Entries taken from a collection:
<<<<
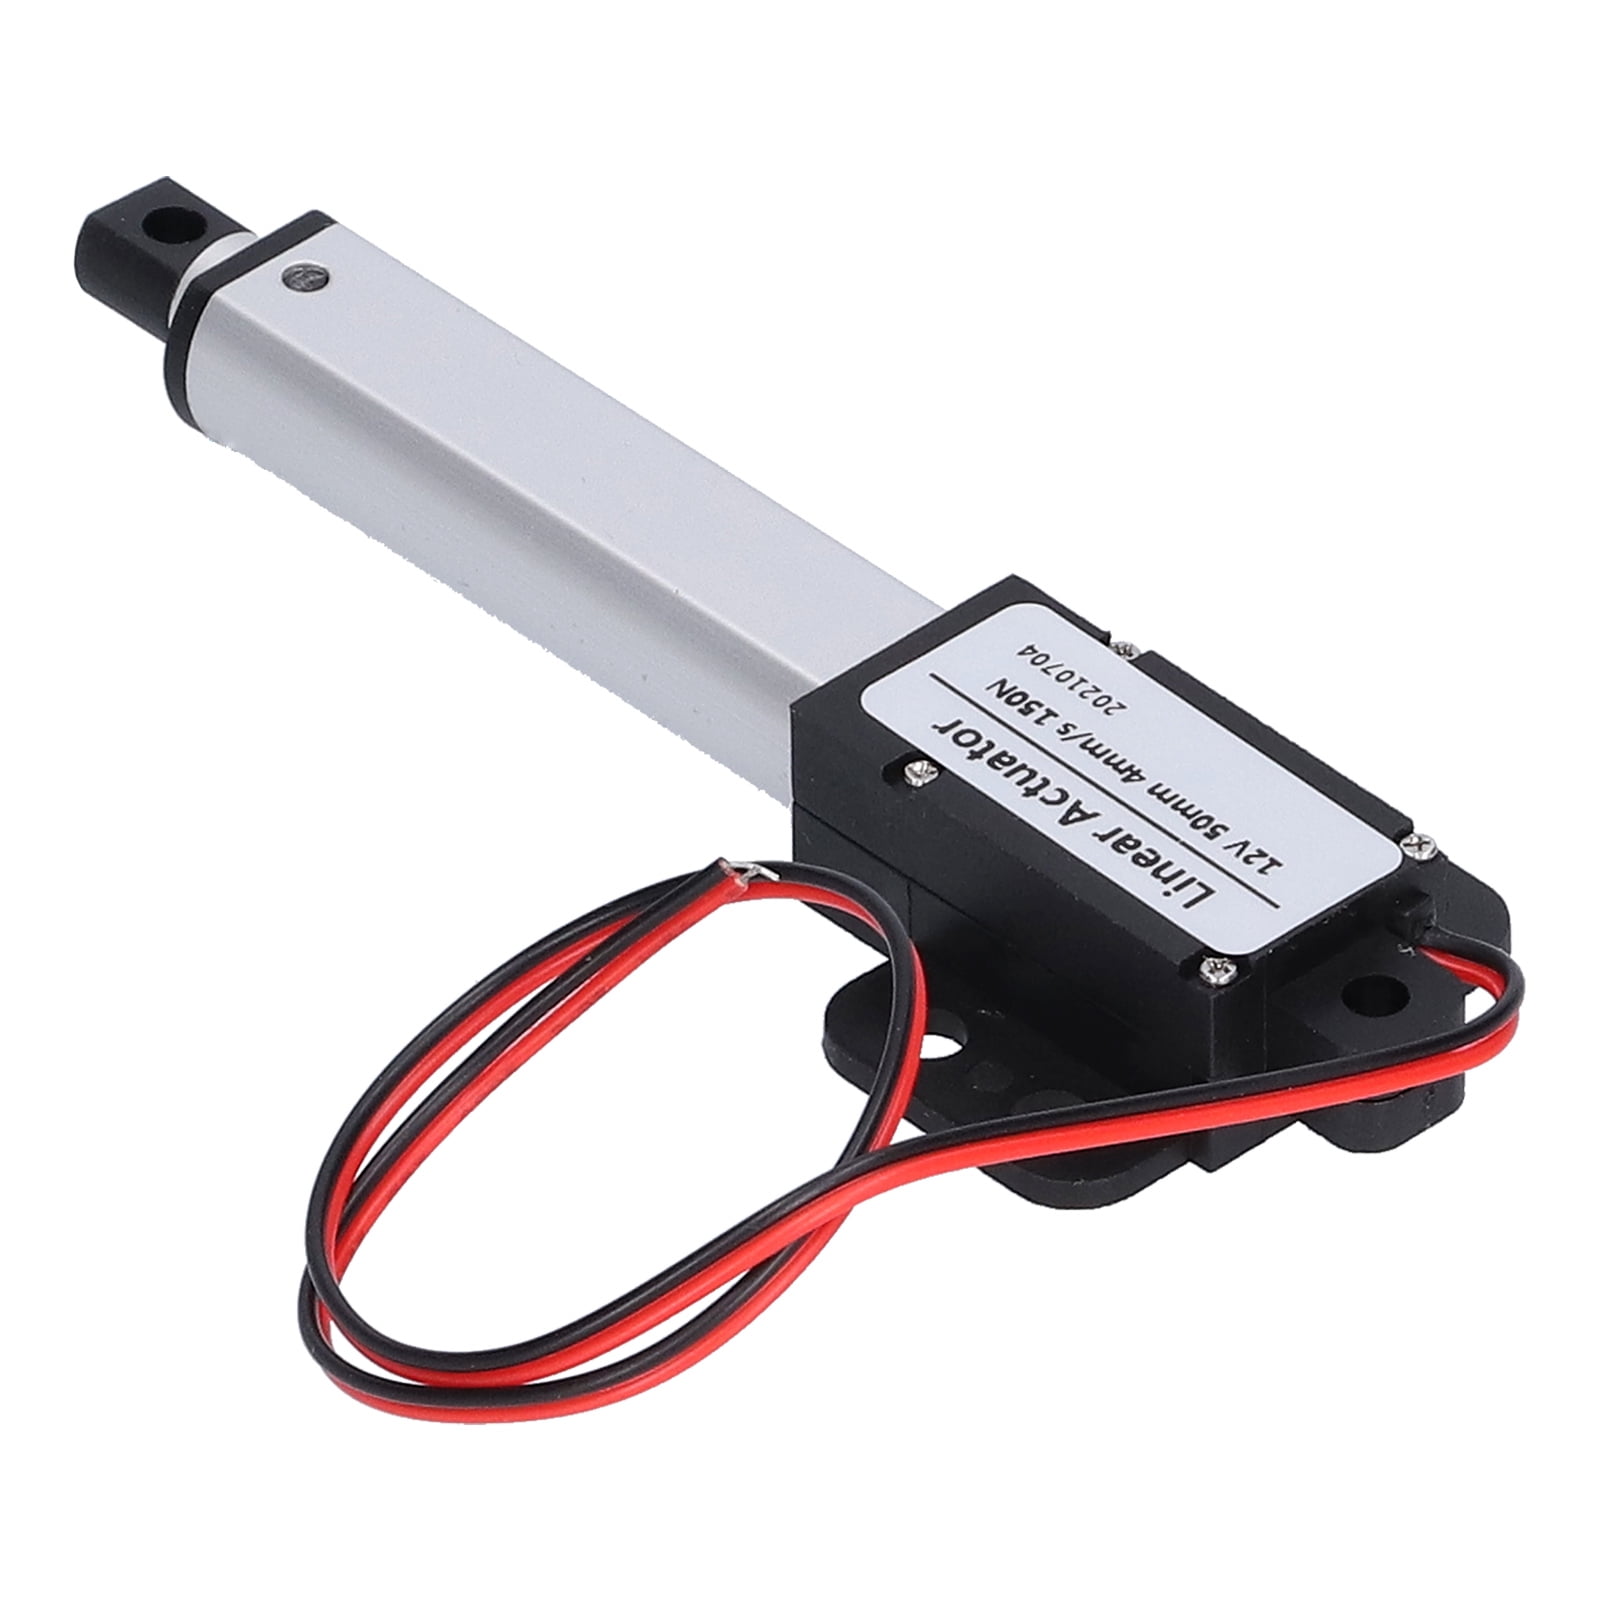 Linear Actuator Motor, Short Circuit Protection Linear Actuator Low Noise  Mini 50mm 12v DC With Mounting Bracket For Home For For Automotive  4mm/s-150N
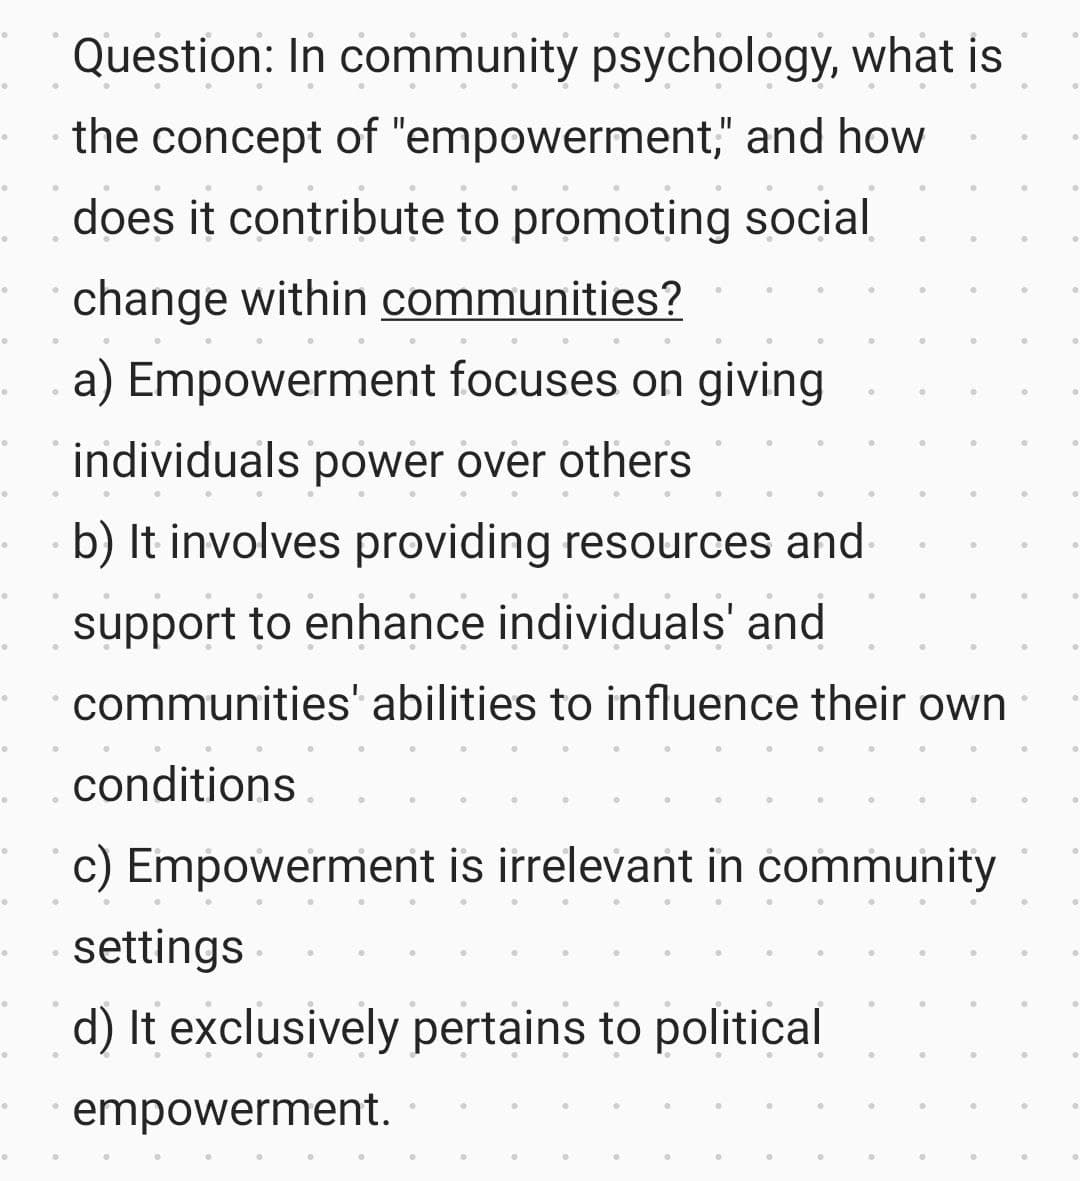 0
。
0
。
0
。
●
0
.
●
Question: In community psychology, what is
the concept of "empowerment," and how
does it contribute to promoting social
change within communities?
a) Empowerment focuses on giving
individuals power over others
b) It involves providing resources and
support to enhance individuals' and
communities' abilities to influence their own
conditions
c) Empowerment is irrelevant in community
settings
d) It exclusively pertains to political
empowerment.
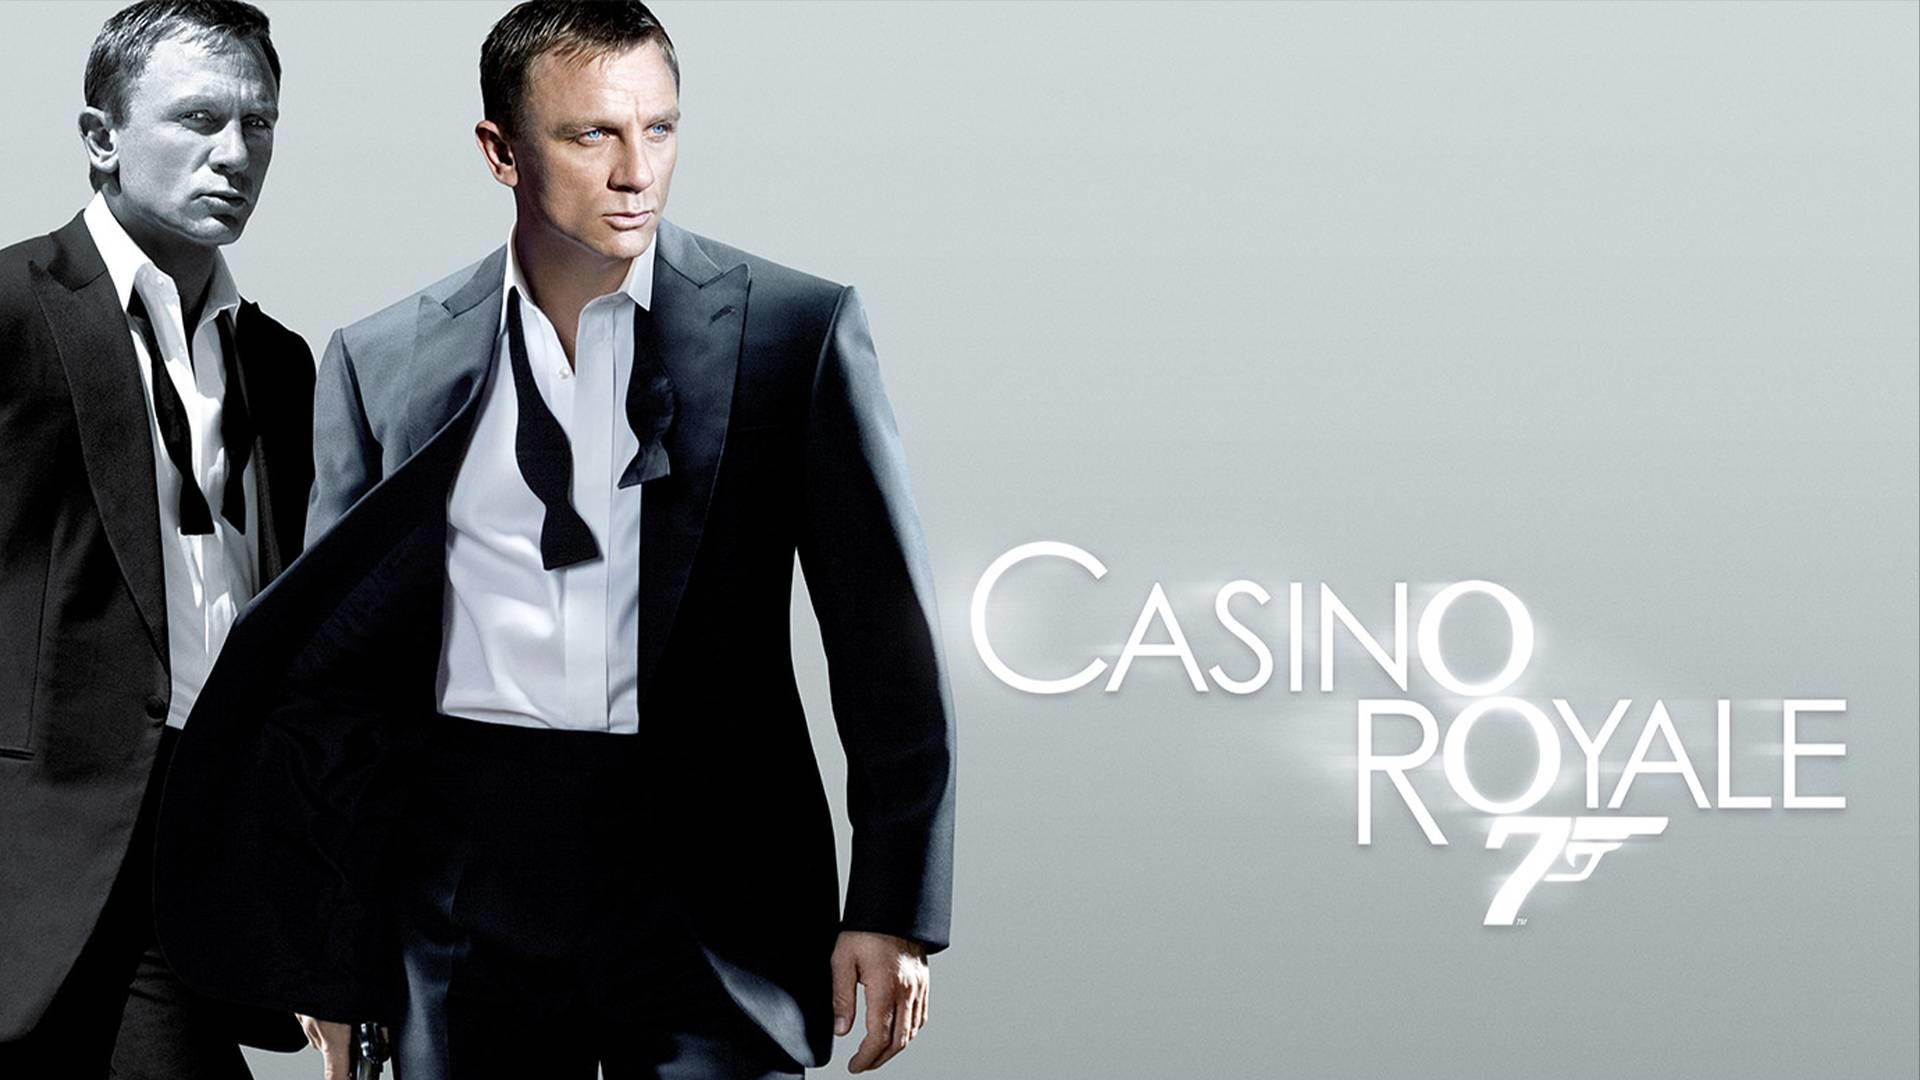 opening chase scene in casino royale
>>>>
The lines to retype run from the one containing "a) Empowerment focuses on giving" through the last line of the records above; write them exactly and skip the pictures.

Result of the task:
a) Empowerment focuses on giving
individuals power over others
b) It involves providing resources and
support to enhance individuals' and
communities' abilities to influence their own
conditions
c) Empowerment is irrelevant in community
settings
d) It exclusively pertains to political
empowerment.
 opening chase scene in casino royale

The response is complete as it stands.